训练计划、学习率和其他参数应该在“samples/coco/coco.py”中设置。
# Training on Your Own Dataset 在自己的数据集上进行培训
Start by reading this从阅读这篇文章开始 [blog post about the balloon color splash sample](https://engineering.matterport.com/splash-of-color-instance-segmentation-with-mask-r-cnn-and-tensorflow-7c761e238b46). It covers the process starting from annotating images to training to using the results in a sample application.它涵盖了从标注图像到训练到在示例应用程序中使用结果的过程。
In summary, to train the model on your own dataset you'll need to extend two classes:
总之,为了在你自己的数据集上训练模型,你需要扩展两个类:
```Config```
This class contains the default configuration. Subclass it and modify the attributes you need to change.
该类包含默认配置。子类化它并修改需要更改的属性。
```Dataset```
This class provides a consistent way to work with any dataset.
该类提供了一种一致的方式来处理任何数据集。
It allows you to use new datasets for training without having to change the code of the model.
它允许您使用新的数据集进行训练,而不必更改模型的代码。
It also supports loading multiple datasets at the same time, which is useful if the objects you want to detect are not all available in one dataset.
它还支持同时加载多个数据集,如果您想检测的对象在一个数据集中不是所有可用的,这是很有用的。
See examples in
`samples/shapes/train_shapes.ipynb`,
`samples/coco/coco.py`,
`samples/balloon/balloon.py`,
`samples/nucleus/nucleus.py`.
## Differences from the Official Paper 与官方文件的差异
This implementation follows the Mask RCNN paper for the most part, but there are a few cases where we deviated in favor of code simplicity and generalization. These are some of the differences we're aware of. If you encounter other differences, please do let us know.
这个实现在很大程度上遵循了Mask RCNN论文的内容,但在一些情况下,我们偏向于代码的简单性和泛化。这些是我们意识到的一些差异。如果您遇到其他差异,请务必让我们知道。
* **Image Resizing图片大小::**
To support training multiple images per batch we resize all images to the same size.
为了支持每批训练多个图像,我们将所有图像调整为相同的大小。
For example, 1024x1024px on MS COCO. We preserve the aspect ratio, so if an image is not square we pad it with zeros.
我们保留长宽比,所以如果图像不是正方形的,我们用0填充它。
In the paper the resizing is done such that the smallest side is 800px and the largest is trimmed at 1000px.例如,MS COCO上的1024x1024px。

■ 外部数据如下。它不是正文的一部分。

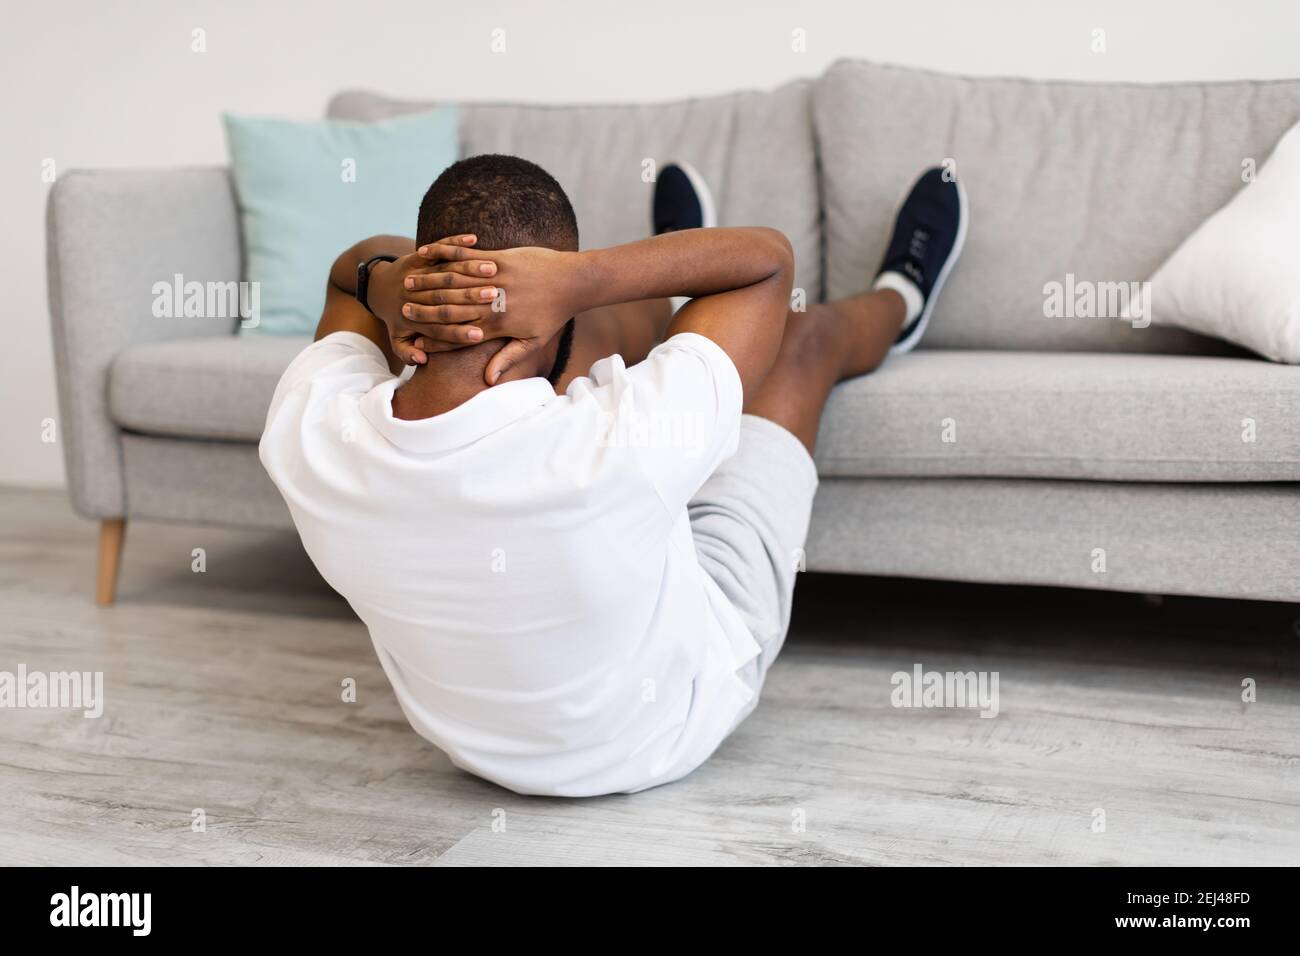 African Man Doing Abs With Legs On Couch At Home Stock Photo

在这张纸上,调整尺寸是这样的,最小的边是800px,最大的边是1000px。
* **Bounding Boxes边界框**:
Some datasets provide bounding boxes and some provide masks only. To support training on multiple datasets we opted to ignore the bounding boxes that come with the dataset and generate them on the fly instead.有些数据集提供边界框,有些仅提供掩码。为了支持对多个数据集的训练,我们选择忽略数据集附带的边界框,而是动态地生成它们。

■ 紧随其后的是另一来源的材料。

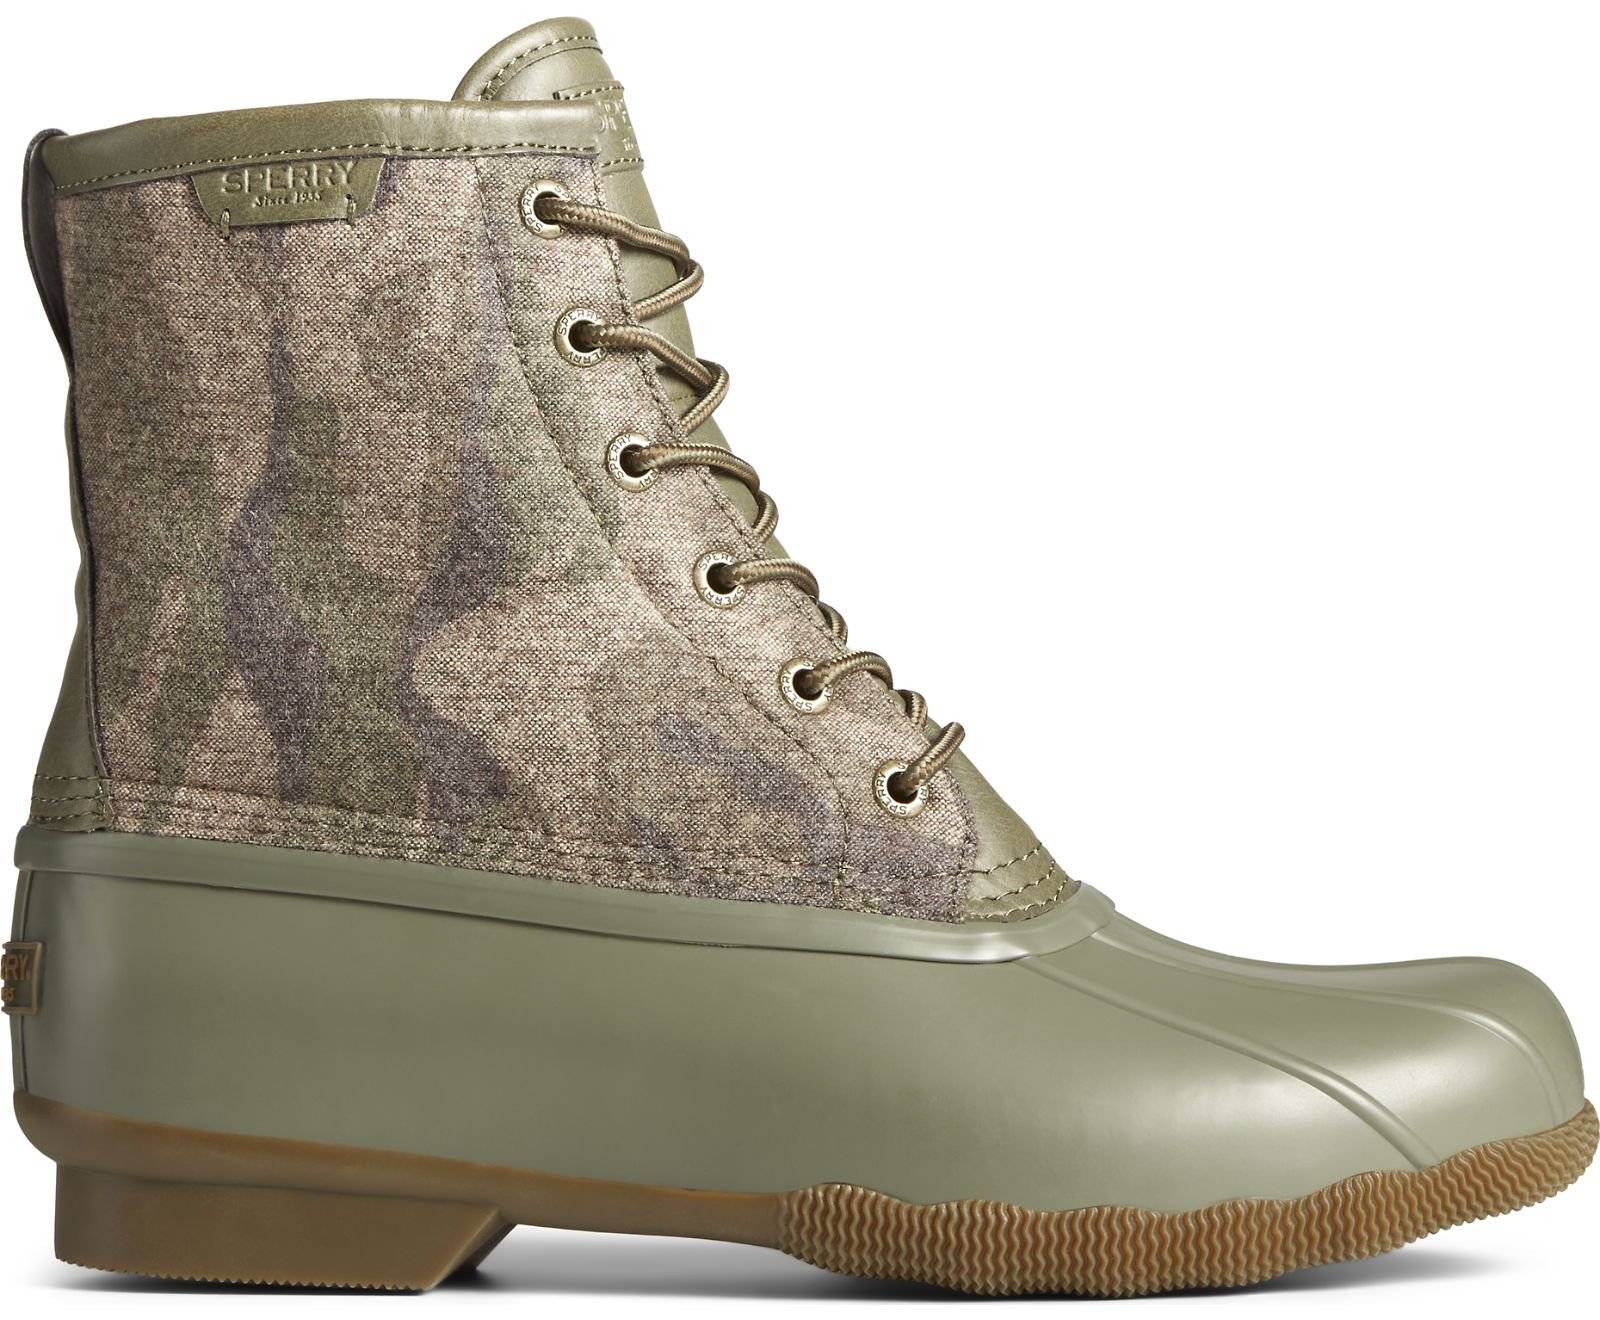 Men's Saltwater Camo Duck Boot - Olive Camo - Click Image to Close

We pick the smallest box that encapsulates all the pixels of the mask as the bounding box. This simplifies the implementation and also makes it easy to apply image augmentations that would otherwise be harder to apply to bounding boxes, such as image rotation.
我们选择封装了掩码的所有像素的最小框作为边界框。这简化了实现,也使应用图像增强变得容易,否则很难应用到边界框,例如图像旋转。
To validate this approach, we compared our computed bounding boxes to those provided by the COCO dataset.为了验证这种方法,我们将计算得到的边界框与COCO数据集提供的边界框进行比较。
We found that ~2% of bounding boxes differed by 1px or more, ~0.05% differed by 5px or more, and only 0.01% differed by 10px or more.
我们发现~2%的边界框相差1px或更多,~0.05%的边界框相差5px或更多,只有0.01%的人相差10px或更多。
* **Learning Rate学习速率:**
The paper uses a learning rate of 0.02, but we found that to be too high, and often causes the weights to explode, especially when using a small batch size.
这篇论文使用了0.02的学习率,但我们发现这个学习率太高了,经常会导致权重激增,特别是在使用小批处理时。
It might be related to differences between how Caffe and TensorFlow compute gradients (sum vs mean across batches and GPUs).
这可能与Caffe和TensorFlow计算梯度的方式(批次和gpu之间的和与平均值)的差异有关。
Or, maybe the official model uses gradient clipping to avoid this issue. We do use gradient clipping, but don't set it too aggressively.We found that smaller learning rates converge faster anyway so we go with that.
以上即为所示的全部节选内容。